**Supplied information**
[Start of section]

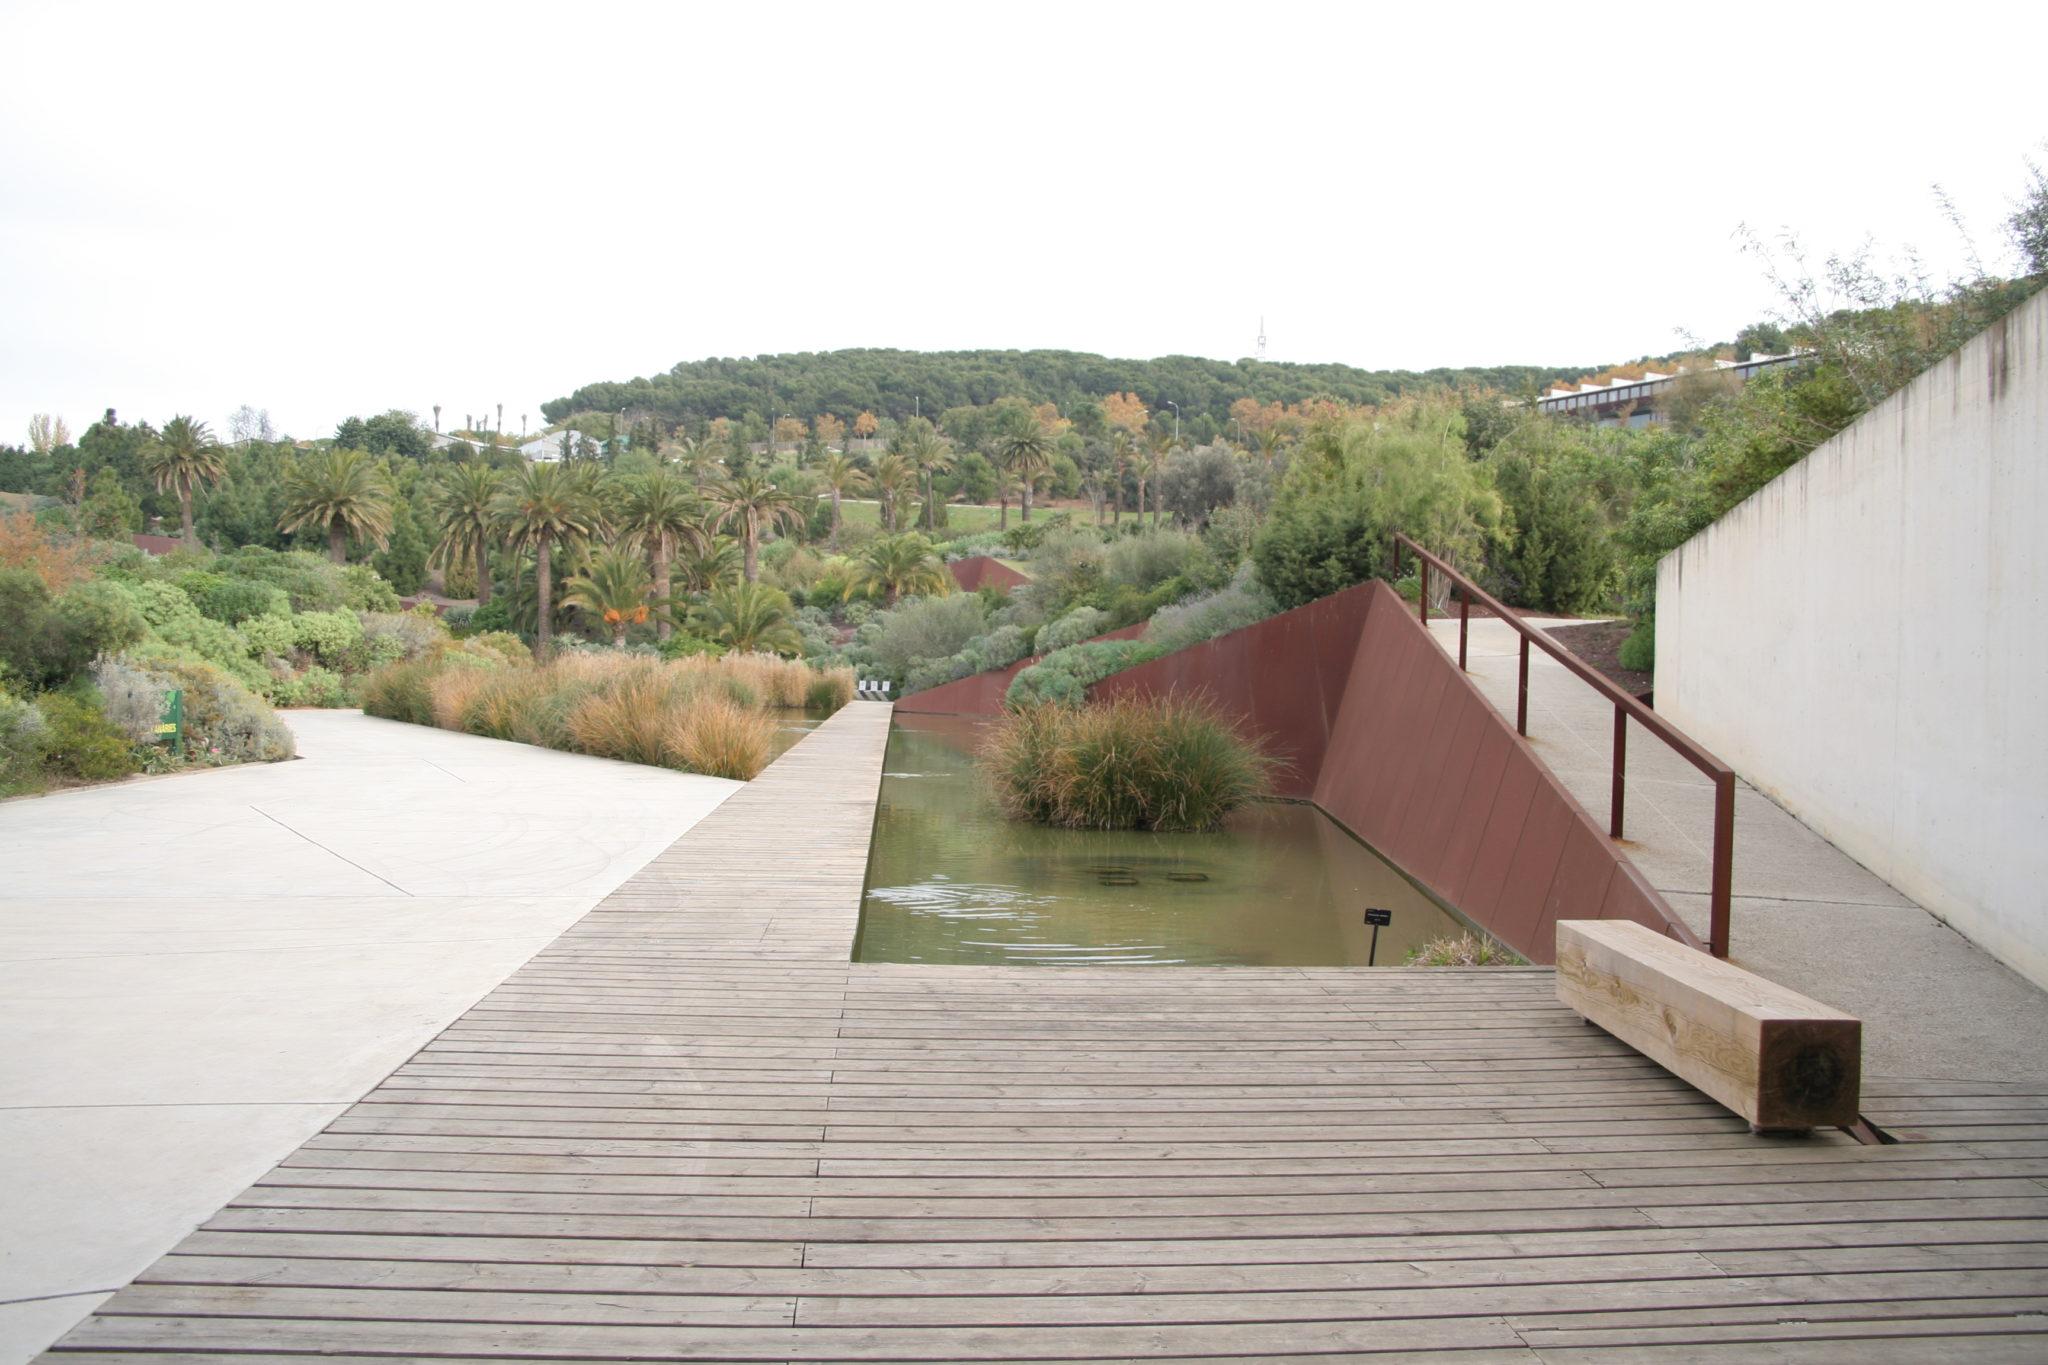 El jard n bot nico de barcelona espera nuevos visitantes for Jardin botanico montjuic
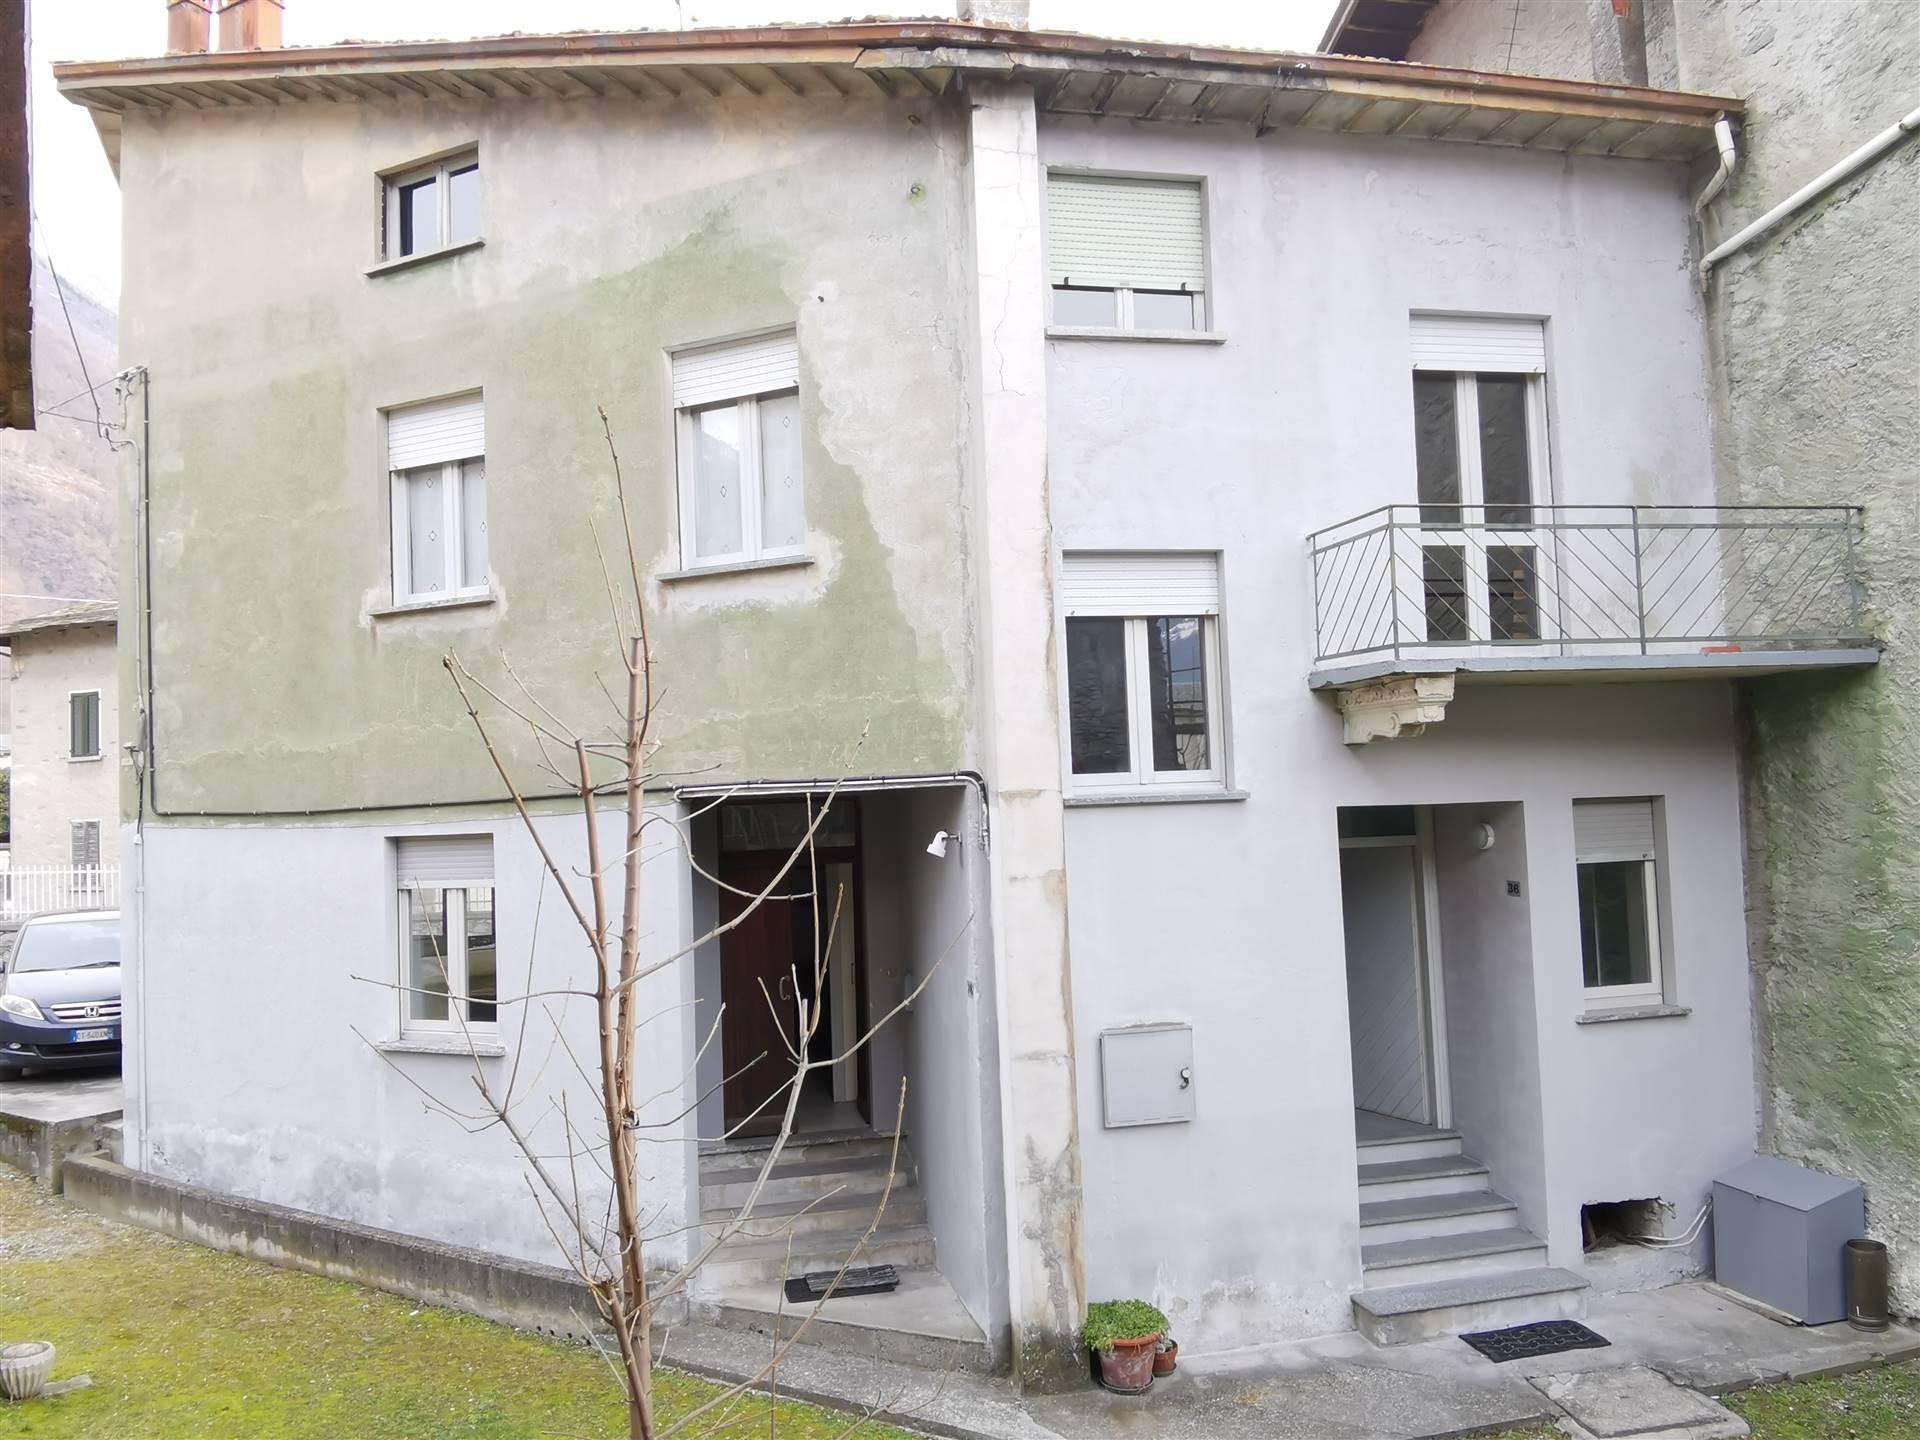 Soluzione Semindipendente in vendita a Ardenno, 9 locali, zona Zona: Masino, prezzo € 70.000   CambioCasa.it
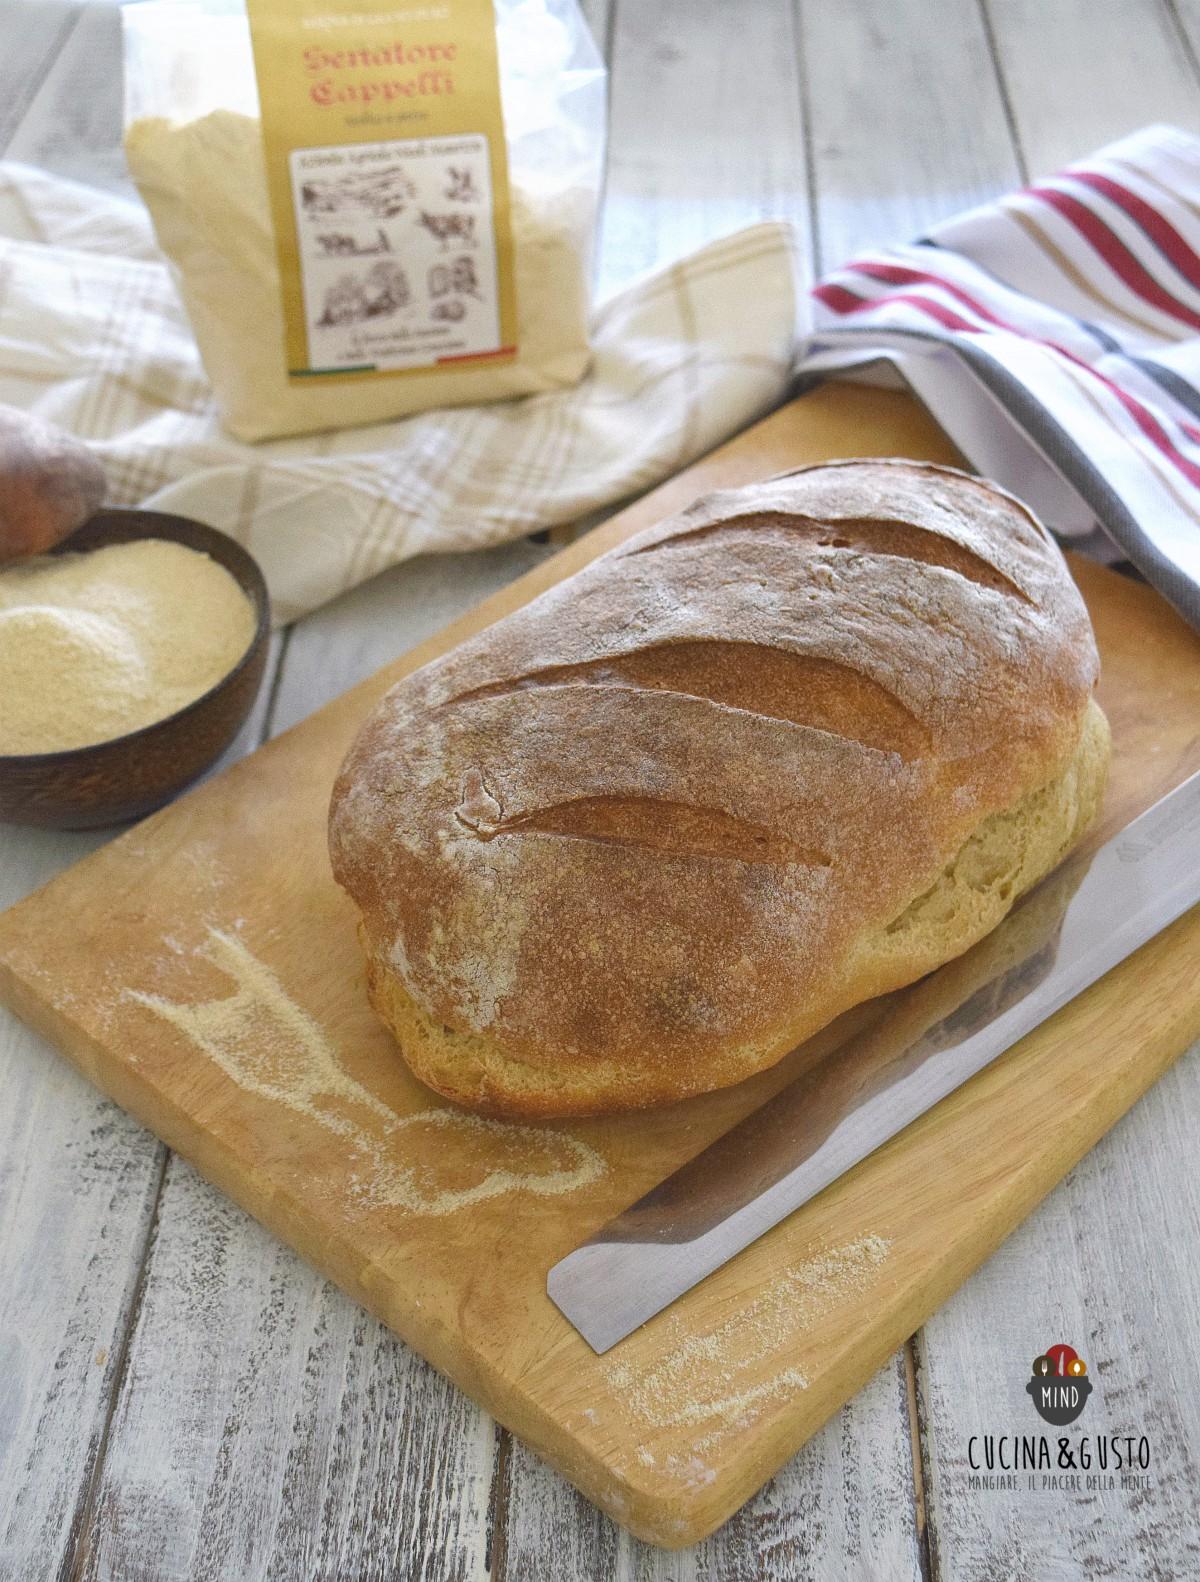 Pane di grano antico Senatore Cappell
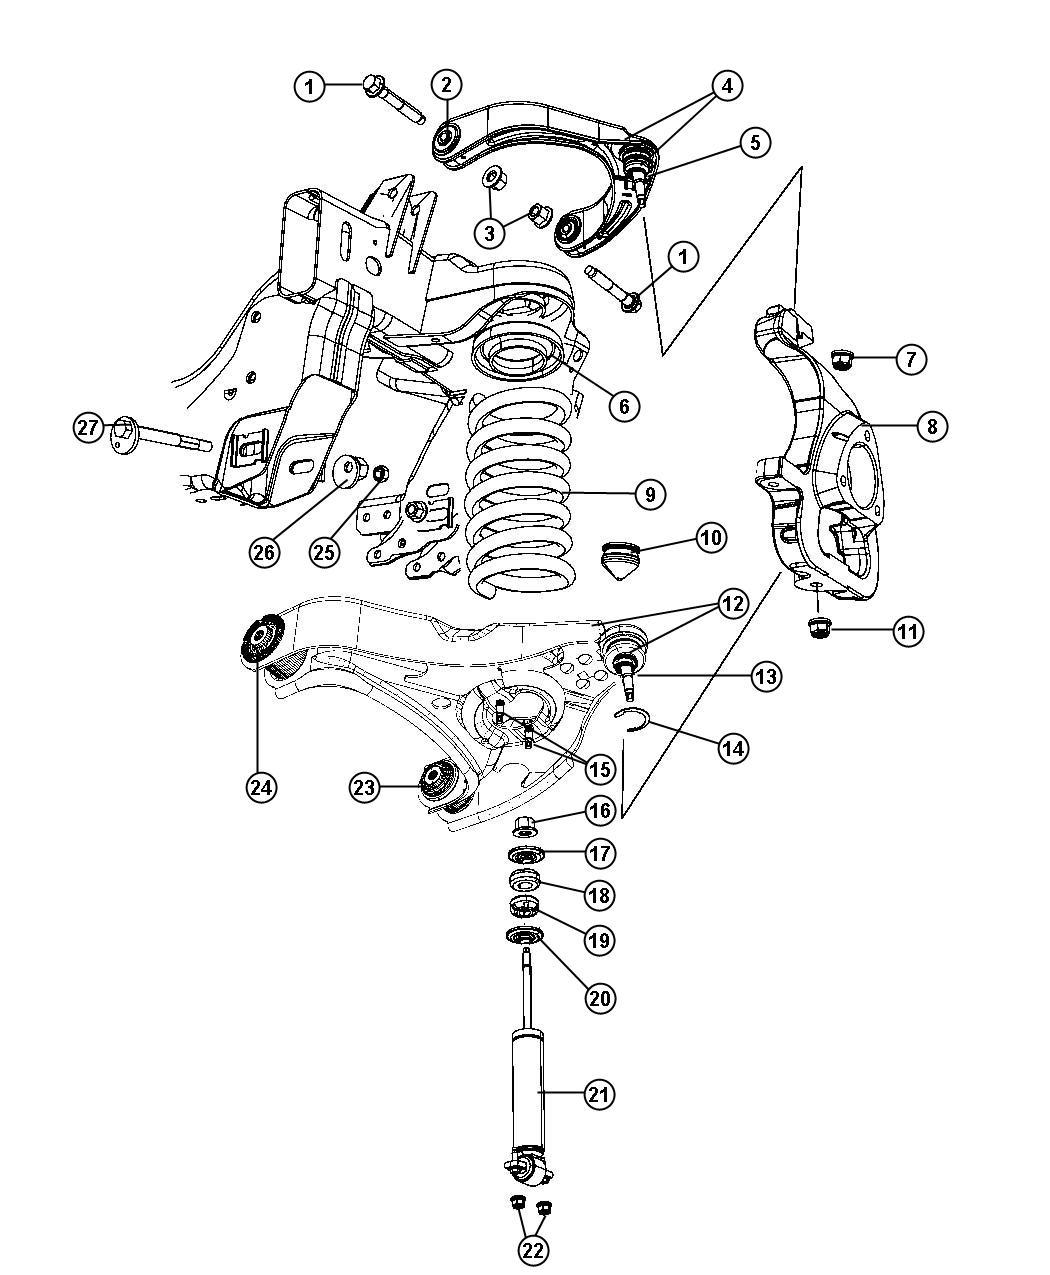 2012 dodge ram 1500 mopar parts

[End of section]

**Problem statement**
What you return must match the data above exactly, with no images included.

**Result for this task**
 El jard n bot nico de barcelona espera nuevos visitantes for Jardin botanico montjuic
 Soluzione Semindipendente in vendita a Ardenno, 9 locali, zona Zona: Masino, prezzo € 70.000   CambioCasa.it
 Pane di grano antico Senatore Cappell
 2012 dodge ram 1500 mopar parts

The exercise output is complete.